Соображение о «чистосердечности», впрочем, можно высказать и по-другому. Об отсутствии меркантилизма здесь на самом-то деле говорить нельзя. Тут мы, напротив, сталкиваемся с неким предельным видом нравственной алчности: любой жест делается от всей души и изо всех сил лишь из и для пущего «постмодернистского» самоуважения, из страсти к полной завершённости, эстетической значимости этого жеста, к адекватности рефлексии. И возможность опасной любви здесь — с обратным знаком. Под угрозой — женщина, которая может обмануться видимым «благородством» Орфа и жестоко разбить свою страсть о бетонную скорлупу свернутого в красивое яйцо, самодостаточного, самодовольного, самоуважающего чувства. Позже вы узнаете, что нашлась женщина, сумевшая расколоть эту скорлупу, что отнюдь не уменьшило, а лишь увеличило боль...

...Итак, в Берлине Фридрих гулял. Начиная пьянку в своей студенческой келье, он мог закончить её в девичьей пенной постели, над которой в едва не промышленных количествах свисают какие-то дурацкие малофункциональные веревочки, бантики, кисточки, шнурки; а мог — в бедном отдалённом квартале, в лачужке случайного собутыльника из бывших студентов или из мелкого городского ворья. Вот именно в такой лачуге — два топчана, слоёный запах сладкого дыма, заваленный грязной посудой стол — и произошло событие, оказавшееся переломным, судьбоносным, роковым. И событие это — как вы уже догадались, поняв, что судьбу Фридриха мы рассматриваем как судьбу постмодерниста, баловня не жизни, но культуры — было не дракой, не взглядом, не встречей, не книгой. Хозяин каморки, некий Михаил (разумеется, русский) подарил Орфу за две трубки опиума рукопись, перевод с русского на немецкий, грязный, залапанный сверток, несколько тысяч корявых букв. Как они просыпались в клетушку бедного Михаила (да и вообще не Бреме ли выдумал этого Михаила, чтобы нагрузить повествование ещё одним «русским» мотивом — бог весть. Как-то просыпались. Фридрих бережно собрал их на серые страницы, аккуратно сложил в карман и унес. Он вовсе не болел страстью к раритетам, вовсе не был безудержным книгочеем, вовсе не бросался на любой хирик восточнославянского происхождения. Просто он почувствовал, что это надо забрать.

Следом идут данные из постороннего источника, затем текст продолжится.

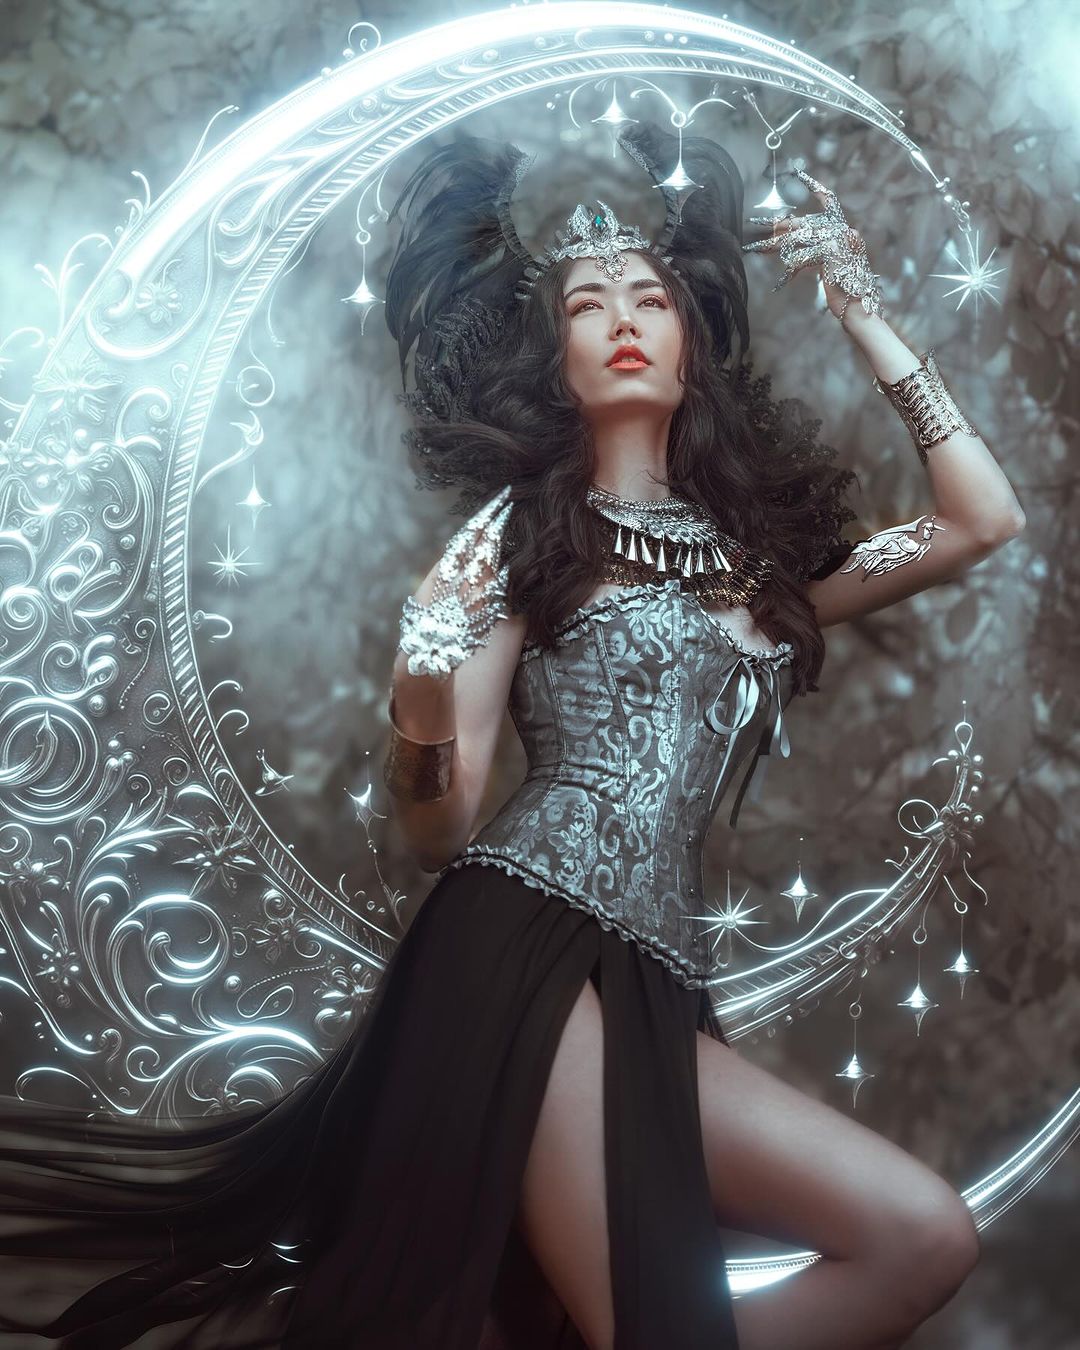 Fairytale fantasy portrait of a woman against a crescent moon

И он прочел странное сочинение, без конца и начала, о том, что в России, в Шлиссельбургской крепости, находится в заточении человек, наказанный за покушение на царя Александра. У него холодная, чужая фамилия с распахнутым сквозняком «о» — Морозов. Николай Морозофф.

Он занимается в крепости математикой, он пишет стихи (в рукописи было приведено несколько фрагментов, но вряд ли переводы их были более изящными, чем перевод на русский романа Сибилы Вейн, так что следов никаких они в душе Фридриха не оставили, и он тут же забыл о их существовании) и — вот главное — находит возможности и силы увлекаться историей. И этот Морозов придумал концепцию — именно о ней в основном и шла речь в оторвавшемся Фридриху куске рукописи, — которая заставила Орфа выпрыгнуть из кровати (он пытался изучать добычу в постели, перед сном), вскочить зачем-то на стул и крикнуть... Впрочем, это были бы домыслы: мы не знаем, какое слово он выкрикнул. Наверное, он промолчал. Может быть, он и не выпрыгивал из постели — откуда, право, Бреме об этом ведомо... В общем, узнав о морозовской теории, Орф понял, чего он хочет.